PARAMOUNT+: ESTRENOS DE ABRIL

La historia arranca de una manera muy tranquila: vemos a una familia en una escena cotidiana, los chicos tienen que ir a la escuela y mamá tiene que hacer sus cosas cotidianas. En el momento en el que Amy (watts) decide salir a correr solo con sus llaves y su smartphone, las cosas se empiezan a complicar.

 

PERDIDOS EN EL BOSQUE

Desde el principio el filme te lleva a través de la ansiedad del caos cotidiano de una madre sostén de familia: llamadas del trabajo, familia, quehaceres, amistades. Todo resulta transformarse en algo que al espectador le genera un poco de nerviosismo.  Lo cotidiano se transforma en caos cuando Amy está en el medio del bosque, a kilómetros de su casa, y se entera que hubo un tiroteo en la escuela de su hijo.

 

Tal y como indica su titulo en inglés, el filme pasa a ser una hora de desesperación, que transcurre en su totalidad con Watts en medio de un bosque, intentando por todos los medios llegar a su familia.

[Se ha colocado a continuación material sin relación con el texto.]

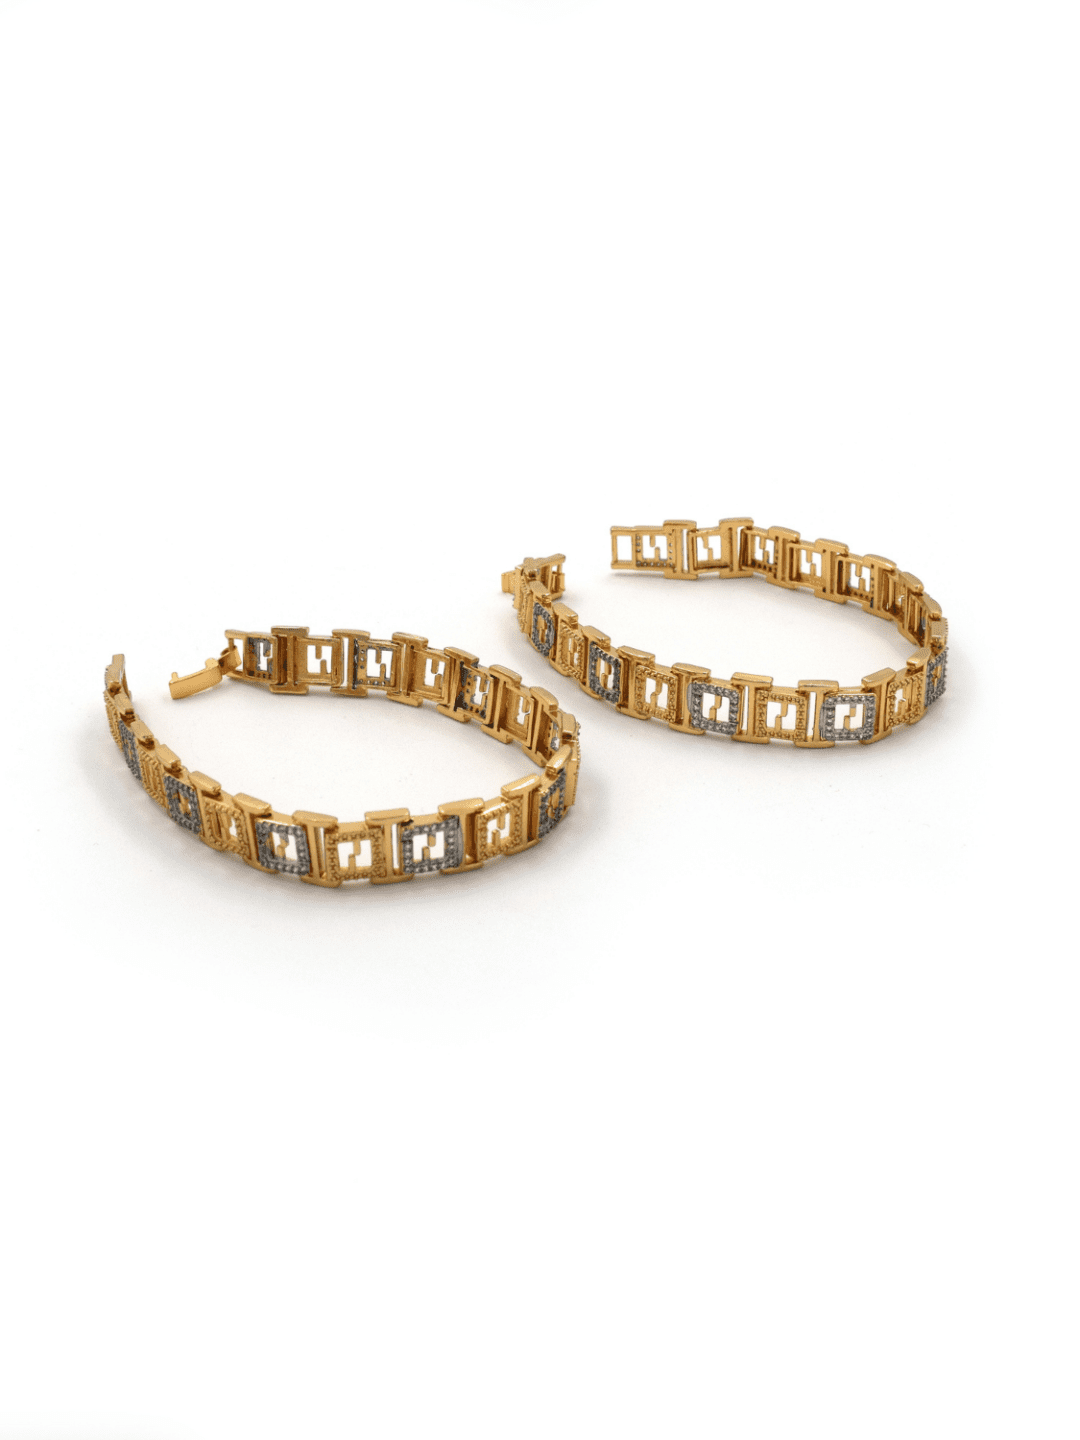 Gold & Silver Square Block Look Alike Open Clasp Bracelet
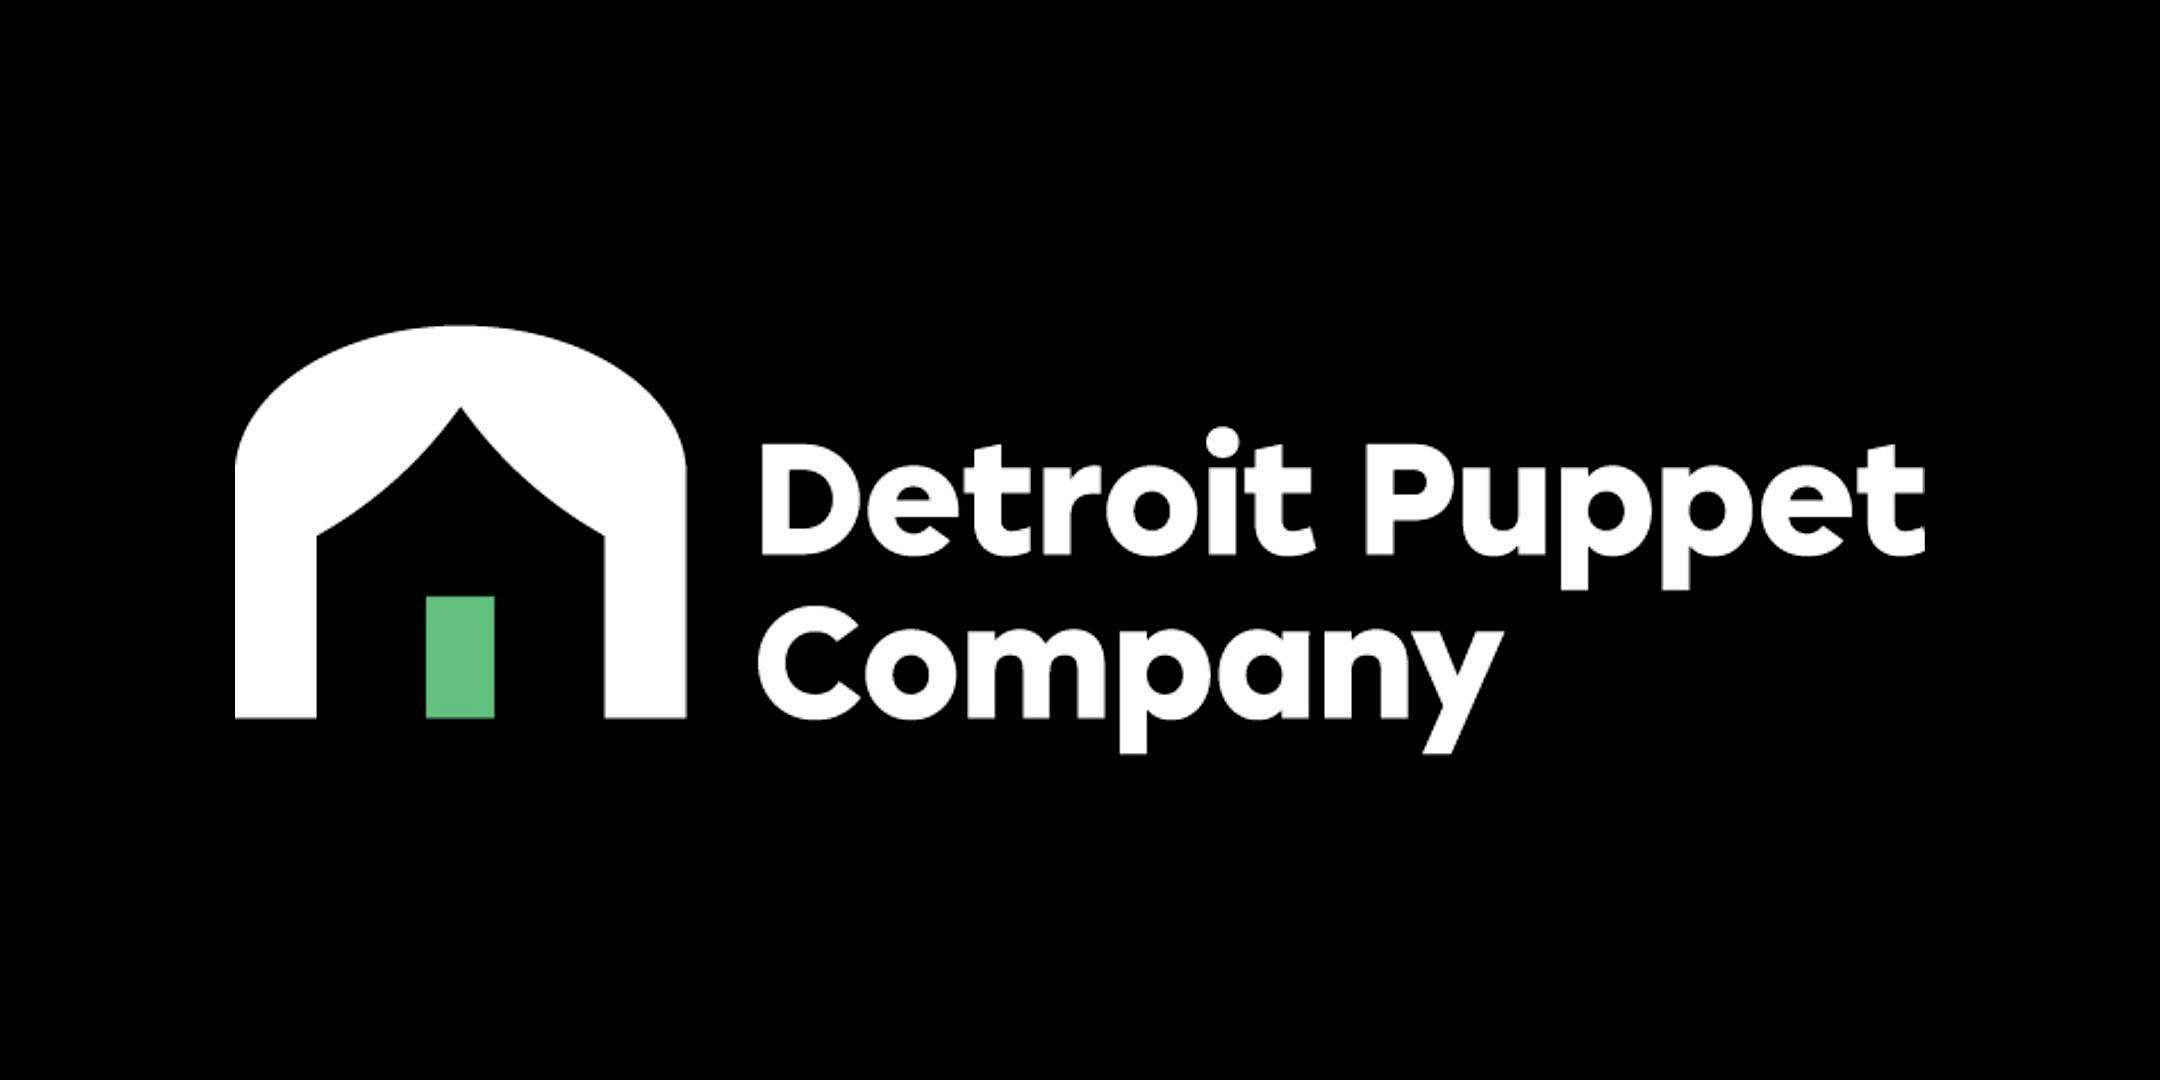 Shadow Puppet Workshop Detroit Puppet Company

A medida que avanza la trama vamos conociendo momentos y sucesos de la vida de Amy, sin necesidad de ser expresado con diálogos, empezamos a conocer un trasfondo que nos daría a entender que conocemos al culpable del tiroteo.

La trama se mantiene solida en sus casi 90 minutos gracias a la impecable actuación de Watts, quien nos hace vivir los sentimientos y la angustia de su personaje ante una situación desesperante y desconocida. Las únicas interacciones de su personaje son enteramente a través de llamadas.

aunque no es una película perfecta, ya que podemos cuestionar algunas de las decisiones tomadas por Amy, el filme entretiene y mantiene a los espectadores aferrados a la butaca, esperando saber cual será el desenlace.

 

EL DRAMA DE LO COTIDIANO

Podría decirse que desesperada es una llamada de atención sobre los efectos que causan los tiroteos sobre la salud mental de los involucrados, directa o indirectamente. Se habla de que, en Estados Unidos, ocurren diez tiroteos escolares al año. Un fenómeno que está presente en el país desde 1972 y fue en aumento exponencial en los últimos 20 años.

no queda más que preguntarnos ¿Cómo actuaríamos ante una situación similar?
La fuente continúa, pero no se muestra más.